Department of Physical Medicine and Rehabilitation

2120 Professional Drive, Suite 135 & 225, Roseville, CA 95661 2025 Morse Avenue, Station 2C, Sacramento, CA 95825

916-771-6611 916-973-7481

Welcome Welcome to the Department of Physical Medicine and Rehabilitation. You have been referred to our department so that we can help create a treatment plan for your spine condition. We will work closely with your referring doctor to provide advice for the management of your condition.

Our entire staff is dedicated to providing the highest quality specialty care. Our specialists are experts in nonsurgical spine care, electrodiagnostic studies, and interventional spine procedures.

Before your visit Before your visit, please complete the New Patient Questionnaire. This questionnaire provides valuable information to help in your care. It is important that you complete the questions ahead of time, so that you have more time to work with our staff during your appointment.

You should also write down the questions or concerns you would like to talk to our staff about during your visit.

Finally, if you have been treated at a non-Kaiser Permanente facility for your spine condition, please get a copy of your medical record from the other provider. If you have had pictures taken outside of Kaiser Permanente, such as X-ray or MRI, please request both the report and hard copy of the pictures.
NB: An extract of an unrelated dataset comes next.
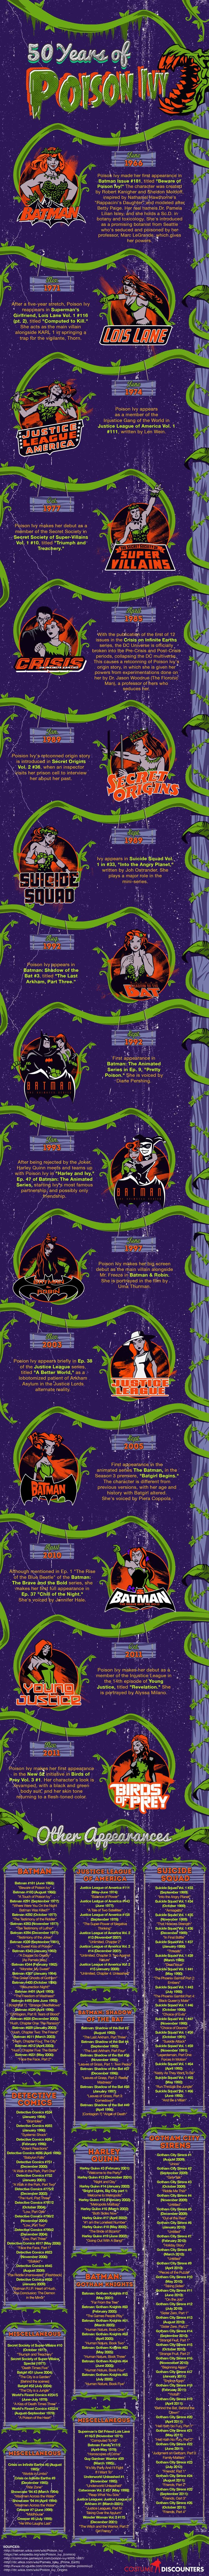 best infografias infographics images on pinterest
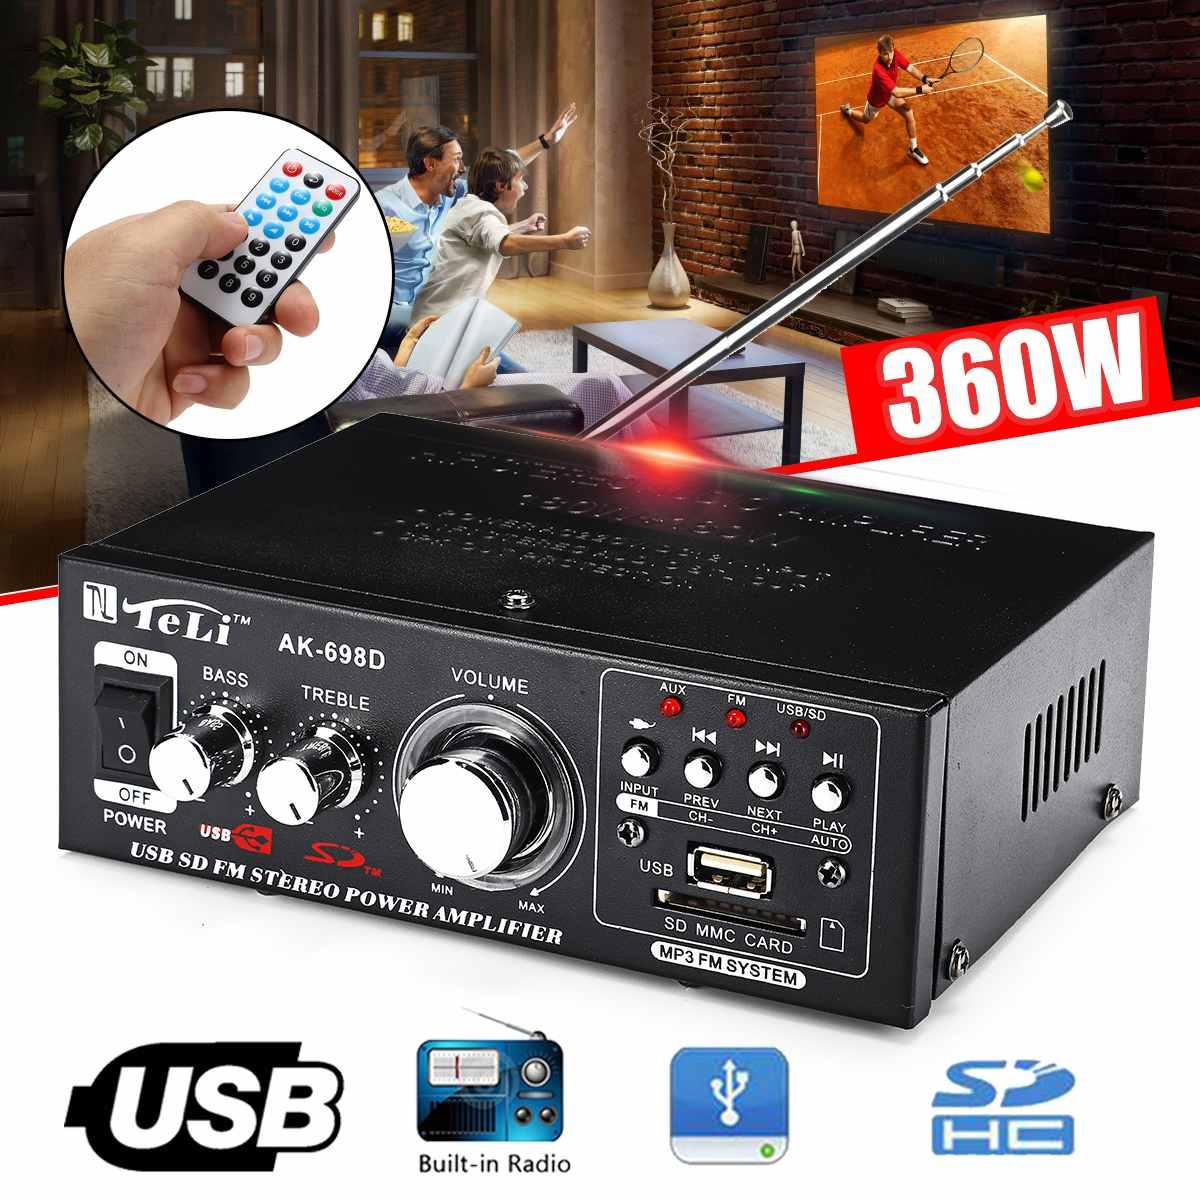 Trustful 360w 12v/220v Hifi Audio Stereo Power Amplifier Fm Radio 2ch Car Home Amplificador Audio With Remote Control

For your first visit When you come to your appointment, please remember to bring: Your completed New Patient Questionnaire Your current list of medications Your list of questions for the physician Your outside records, films, or CDs

What you should expect at your visit Our physicians will complete a detailed history and physician examination related to your spine condition. We will review your medical records, the information you provided, and current pictures such as X-rays and MRIs.

Often, a diagnosis is identified from your history and physical exam. However, if addition testing is needed to determine your diagnosis, this will be discussed with you.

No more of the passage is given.